Leading Indicators | Recession Talks | Rate Hikes | UK CRE Total Returns

Discover key economic and financial metrics, and what to look out for in the week ahead.
Written By:
William Matthews, Knight Frank
2 minutes to read

Here we look at the leading indicators in the world of economics. Download the dashboard for in-depth analysis into commodities, trade, equities and more.

Has the UK averted a recession?

The UK economy grew by +0.1% m-m in November, surprising markets, which were anticipating a -0.2% contraction. Oxford Economics warned that it may be too premature to announce an outright aversion of a recession, however, the UK could have avoided one for now. Indeed, the UK economy would have to contract by at least -0.4% m-m in December to see a second quarterly decline in Q4, which economists think is unlikely. Despite this, economists do anticipate negative growth in December, considering PMIs were all in contractionary territory and the final month of the year saw widespread industrial action. While economists largely expect a UK recession in Q2 and Q3 this year, green shoots of renewed growth are anticipated at the end of the year as consumer energy bills moderate and government support shifts towards disposable incomes.


Bank of England to slow its pace of rate hikes?

In the three months to November, the UK unemployment rate increased by +0.2ppts q-q to 3.7%. Meanwhile, the number of job vacancies fell for the sixth consecutive period to 1.16 million in the three months to December. However, the price of labour is yet to reflect the softening demand, with average wages growing by +6.4% in the quarter to November, albeit not in line with inflation. Overall, the latest labour market statistics are unlikely to deter the Bank of England (BoE) from further interest rate rises, however, economists are deliberating whether the BoE will slow its pace of rate hikes from +50bps in December to +25bps in February. At present, money markets expect the BoE base rate to peak at 4.4% this year, which compares to market expectations of a 5.4% peak in the aftermath of the ‘mini-budget’.

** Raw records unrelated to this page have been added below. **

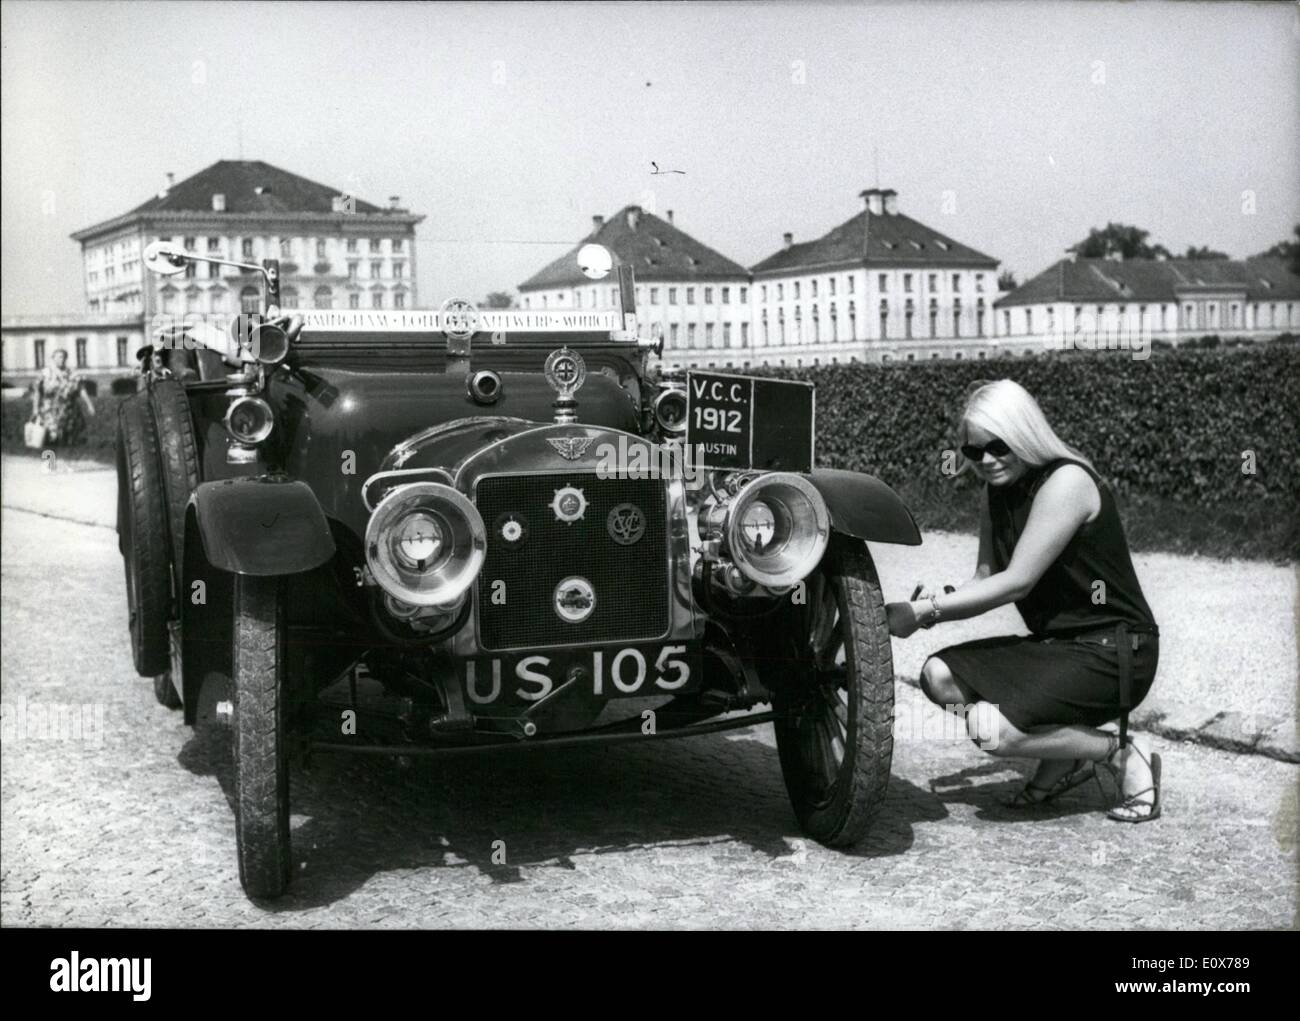 Lug. 07, 1965 - Più di 500 old-timer da 13 diversi paesi prendono parte a una automobile storico-processione su luglio 18th, 1965 a Monaco di Baviera. Questo festoso corteo è disposto in connessione con la prima esposizione mondiale del settore dei trasporti e delle comunicazioni. Tutti i tipi di old-timer sono presenti, la più antica vettura, il ''Benz" il primo ''Opel'', di maggior successo carof il mondo, ''Ford T 1912, A.S.O. La foto mostra un ''Austin'' dell'anno 1912 che è preparato per la processione da una giovane ragazza nella corte del castello di Nymphenburg. Foto Stock
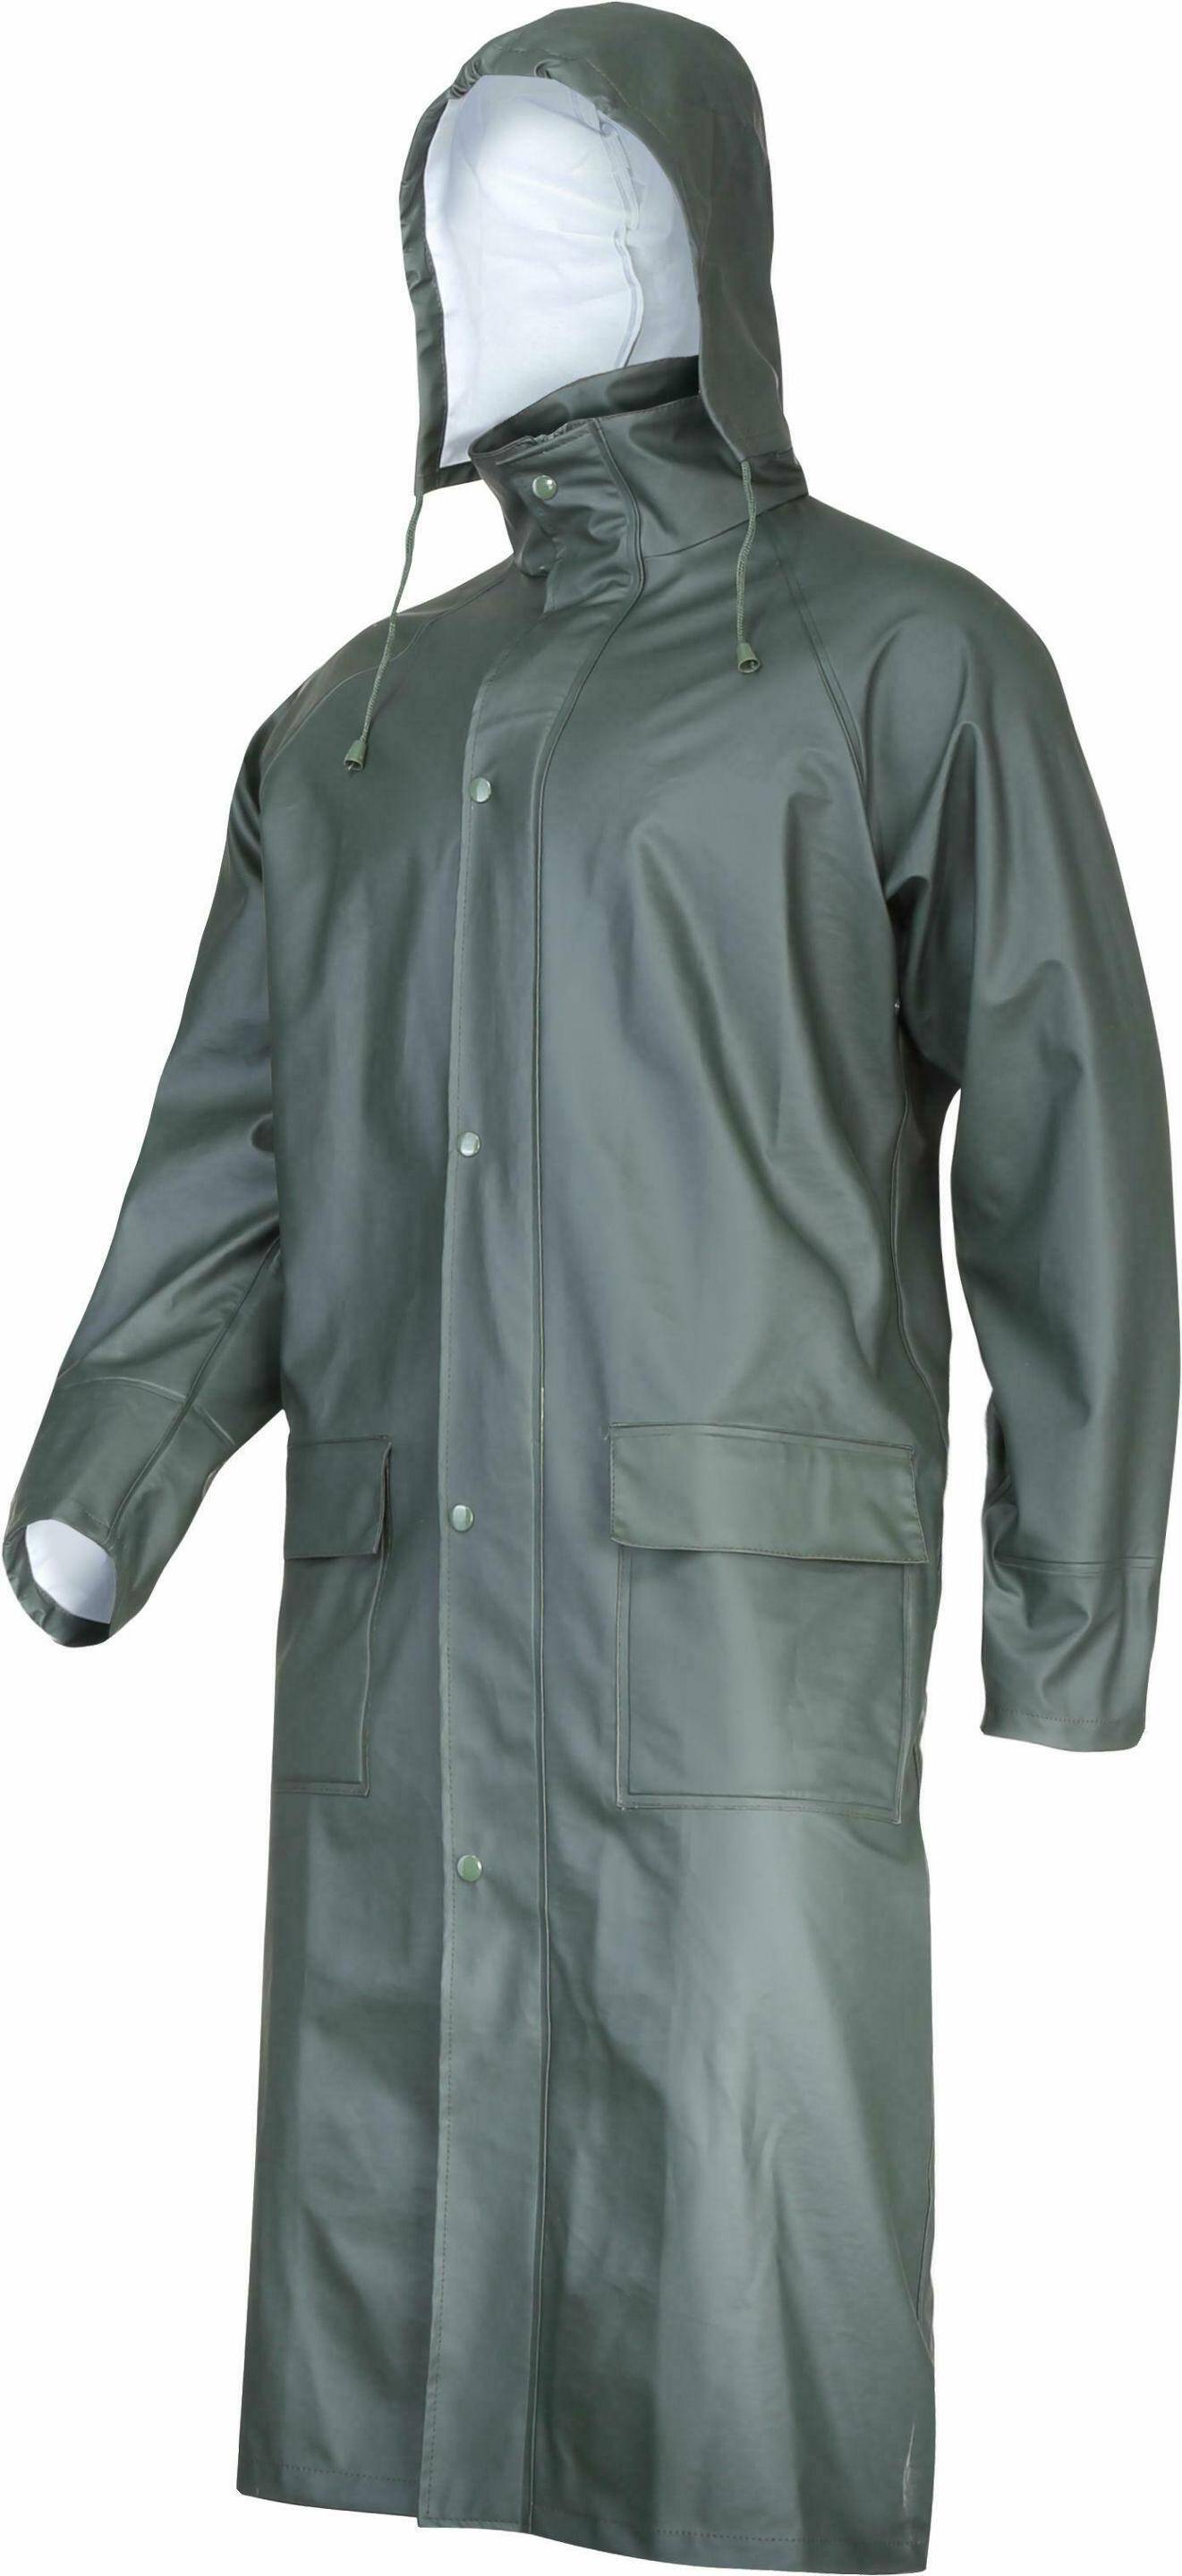 L41706 Płaszcz przeciwdeszczowy zielony
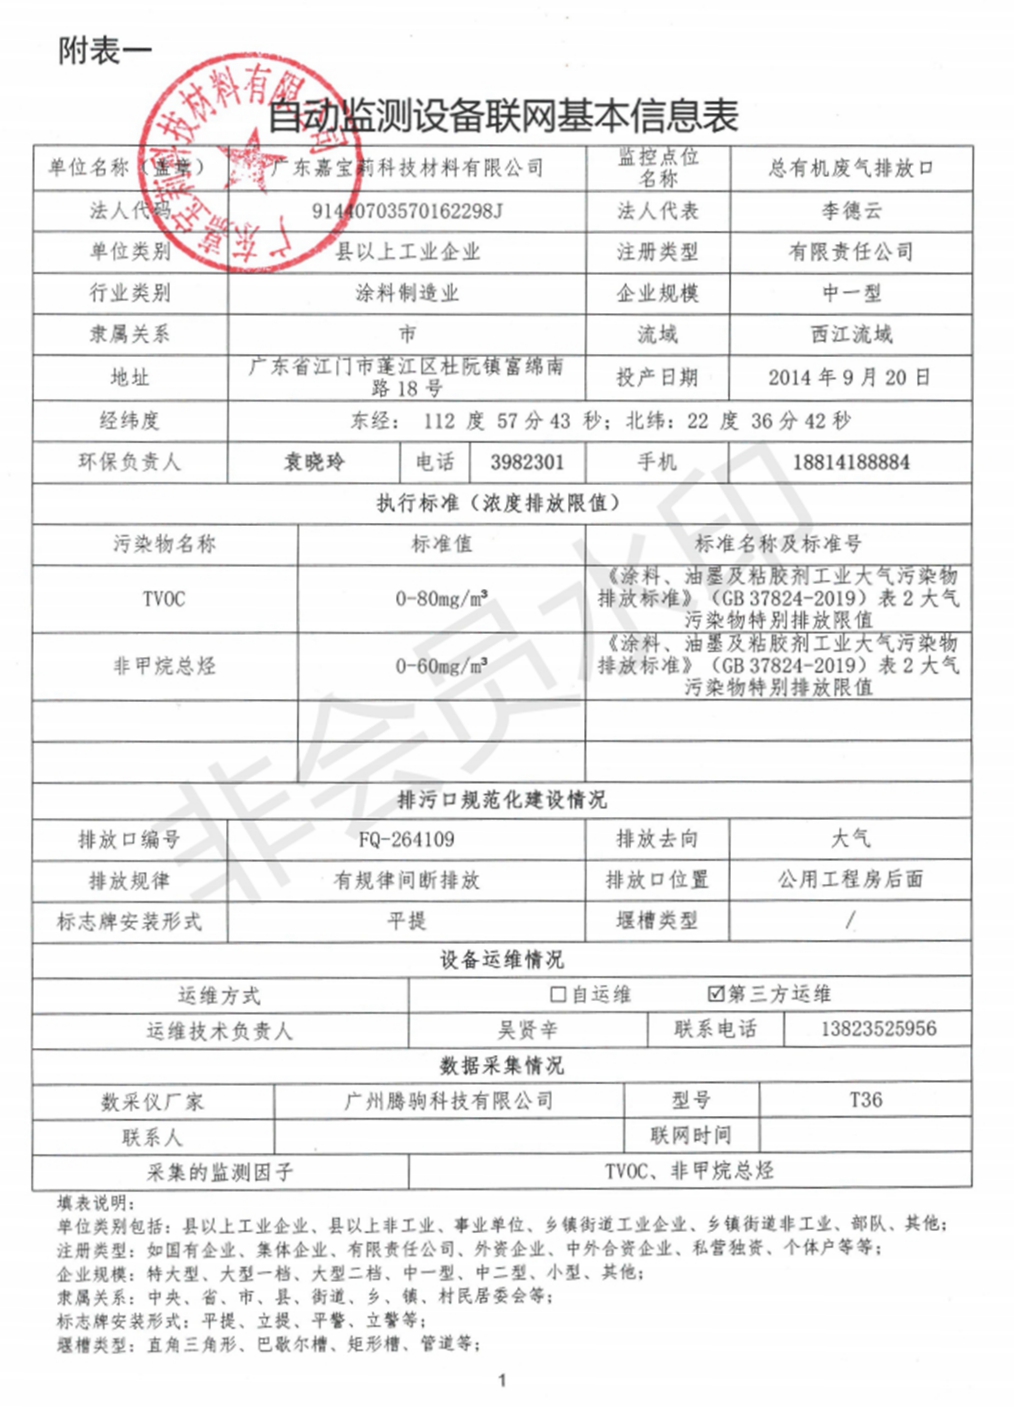 广东嘉宝莉科技材料有限公司大气在线监控信息表_00.jpg

UK commercial total return started to improve in December

The UK All Property total return increased by +228bps m-m in December to -3.3%, the strongest monthly improvement since August 2016. The Retail sector had the highest level of total return in December at -2.1%, followed by the Office (-2.1%) and Industrial (-4.6%) sectors. Total returns have been supported by capital values declining at a slower pace in December. UK All Property capital values contracted by -3.7% in December, down from -6.0% in November. The Retail sector had the most resilient capital values in December at -2.6%, largely supported by the Shopping Centre subsector which saw capital value declines of only -0.7%. In comparison, Office capital values contracted by -3.4% in December, while Industrial values were down by -5.0%.